When the new Gorillaz album was being made—pieced together through a process I imagine looking more like Willy Wonka's Inventing Room than any conventional recording session—Damon Albarn instructed his collaborators to imagine a fallen world in which Donald Trump was president.

It was late 2015, early 2016. A Trump win was still a dystopian fantasy, an unimaginable absurdity. Lots of past Gorillaz tracks have grasped at the unimaginable (the surrealist parable of "Fire Coming Out Of The Monkey's Head," the ecological apocalypse of "Plastic Beach"). But this was more immediate. In a recent interview, Pusha T (who appears on the 14th track, "Let Me Out") recalled being asked to conceptualize this album as "a party for the end of the world, like if Trump were to win." When the prophecy came true, Pusha T was spooked. Did Albarn know something he didn't?

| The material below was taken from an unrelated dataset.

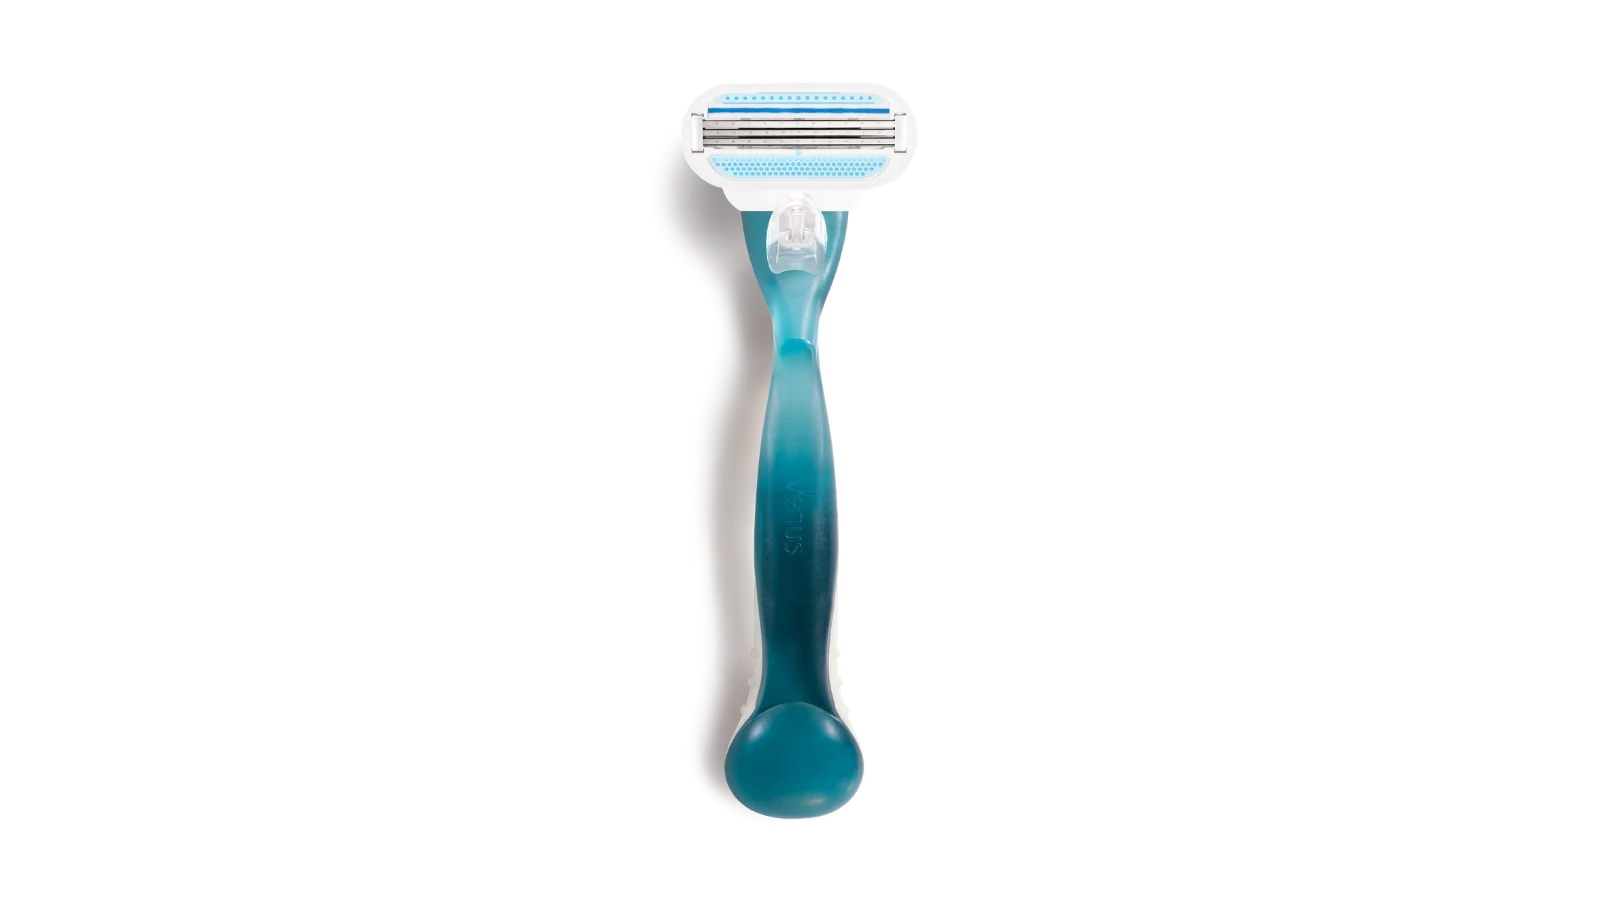 Blue razor with an oval 3 bladed razor head

Gorillaz, the world's self-proclaimed most successful (and certainly best) "virtual band," is officially comprised of animated characters with names like "Noodle" and "2-D." The iconography surrounding the group is cartoonish and, well, fake. But in reality, the project is masterminded by Blur veteran Albarn and comic book artist Jamie Hewlett, and the anxieties that permeate Gorillaz's fifth album, Humanz, are profoundly and immediately real. Aided by a typically kaleidoscope array of guest appearances, Gorillaz has made an unusually scattered album swathed in sociopolitical dread.

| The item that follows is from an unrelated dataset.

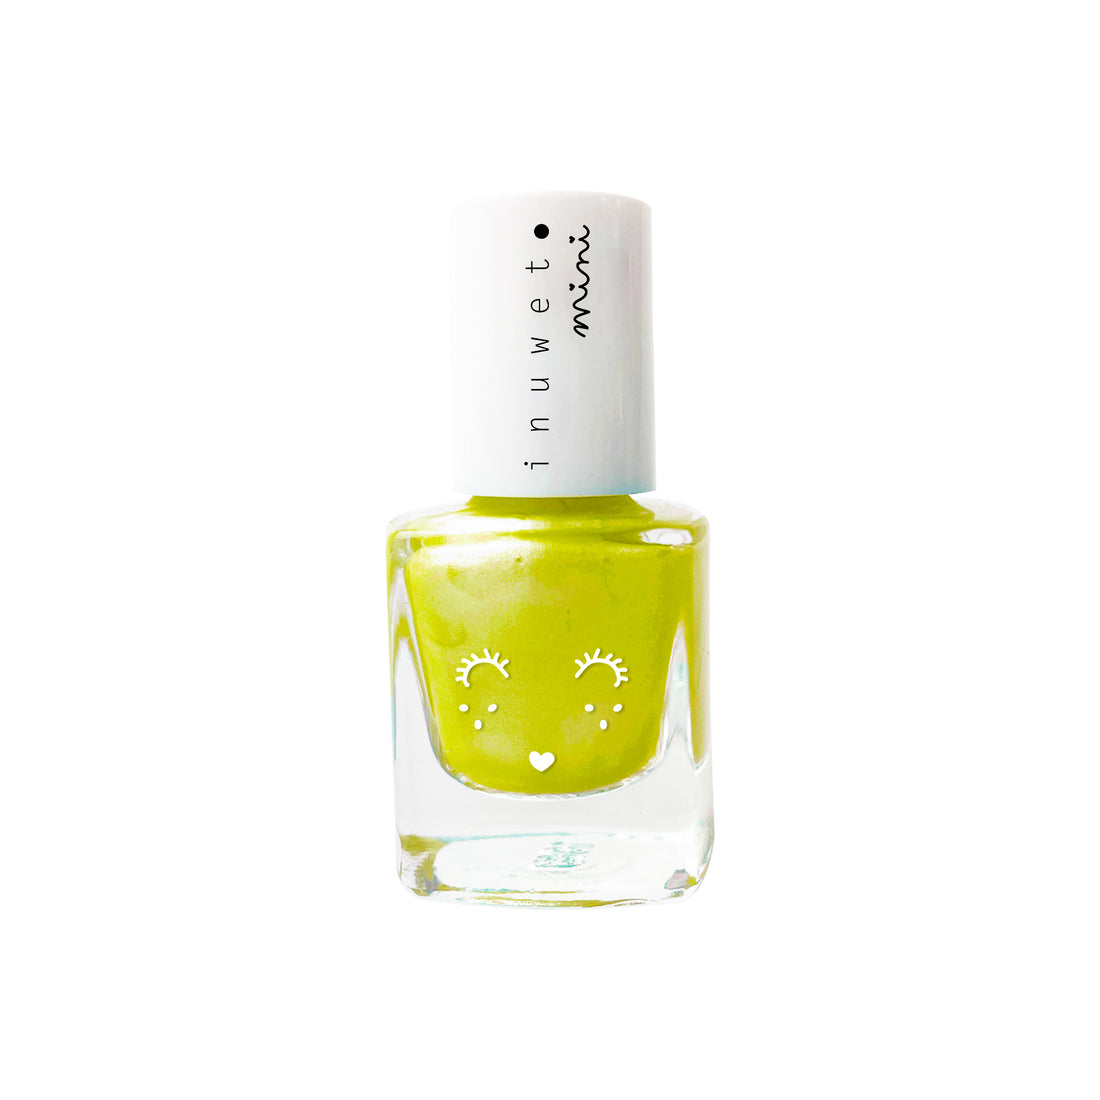 inuwet-neon-yellow-pineapple-scent-for-kids-inuw-vinkv15

Humanz is eclectic, moving from sputtering electro-funk ("Strobelite") to hollowed-out gospel weirdness ("Hallelujah Money"), but tends to revolve around the world-weary electronic pop that's been Damon Albarn's trademark since Blur (temporarily) dissolved. On the downbeat "Busted and Blue"—the only song without a guest feature—Albarn frets about technology's domination over humans: "Where do they come from / The wires that connect to us?" On "Ascension" (which really does sound like a thumping dance party for the end of the world), Vince Staples panics that the sky is falling and salutes America, "where you can live your dreams long as you don't look like me."

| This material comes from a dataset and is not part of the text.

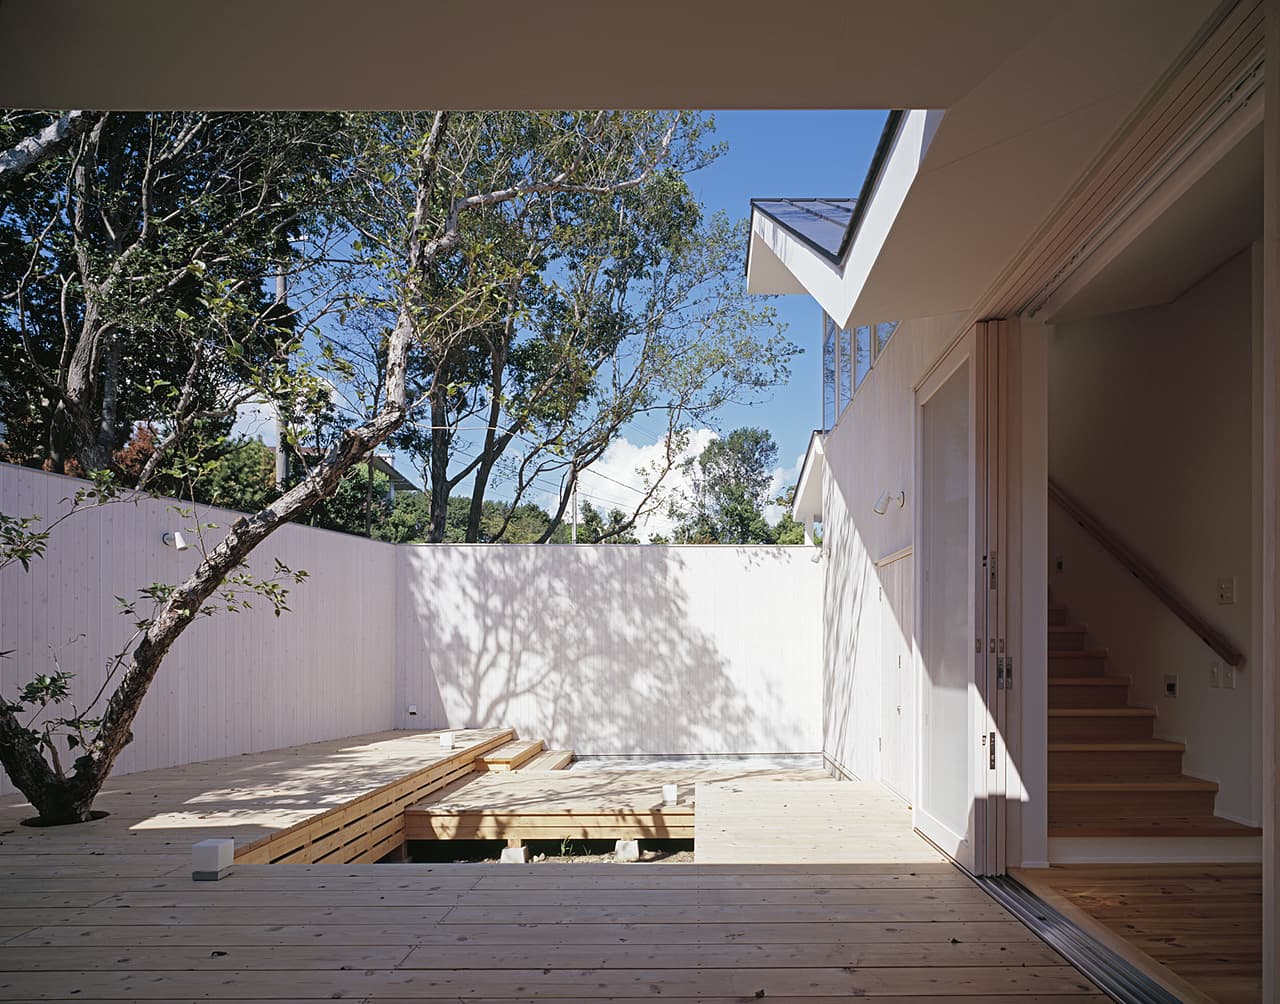 大阪の建築家・中平勝が設計したセカンドハウス・別荘の中庭です

The result is flickeringly great, but not as cohesive as previous Gorillaz outings, particularly 2005's brilliantly twisted Demon Days. That album's influence looms large on "Hallelujah Money," a woozy capitalist dirge sung by the English singer Benjamin Clementine. The song was made available the day before Trump's inauguration, and it contains the most direct allusions to the tweeter-in-chief: references to nationalist anxieties and "building walls ... even stronger than the walls of Jericho." The track, with its gospel choir and burbling synthesizer arrangements, achieves some strange, distinctly 2017 pathos.

Every Gorillaz album lives and dies by its guest collaborations. Previous albums have featured some genuinely bonkers appearances—Dennis Hopper's bizarro monologue on Demon Days, Bobby Womack's death-defying wail on "Stylo," Lou Reed's weirdly great bit on "Some Kind of Nature." There are more guest spots than ever on Humanz (particularly from the hip hop world: De La Soul, Danny Brown, D.R.A.M, etc.), but few that are as head-spinning or joyously bizarre. There are highlights: Vince Staples and Brown deliver strong verses on "Ascension" and "Submission," respectively, and the immortal Grace Jones lifts "Charger" to almost hysterical heights. Also: "Momentz" is yet another Gorillaz/De La Soul mood-lifter, from the team that brought you "Feel Good Inc."

Related: When Bobby Womack met Gorillaz

But most of the guest performers remain within their comfort zones. The album winds up feeling more like a compilation, lacking anything like the mournful closing suite of songs that tied together Plastic Beach and solidified its conceptual arc. On the final track, "We Got the Power," Albarn corrals Jehnny Beth (of Savages) and Noel Gallagher (of Britpop rivals Oasis) for a grand finale that's big on self-empowering platitudes but not quite as fun as Liam Gallagher's salty tweet blasting the whole affair (yes, he called Albarn a "gobshite").

On "Ascension," Albarn cuts to the heart of the bewildering present age: "In these times of sedition / Well, nothing is dull." He is right. And even on Gorillaz's messiest and most uneven work, nothing is dull.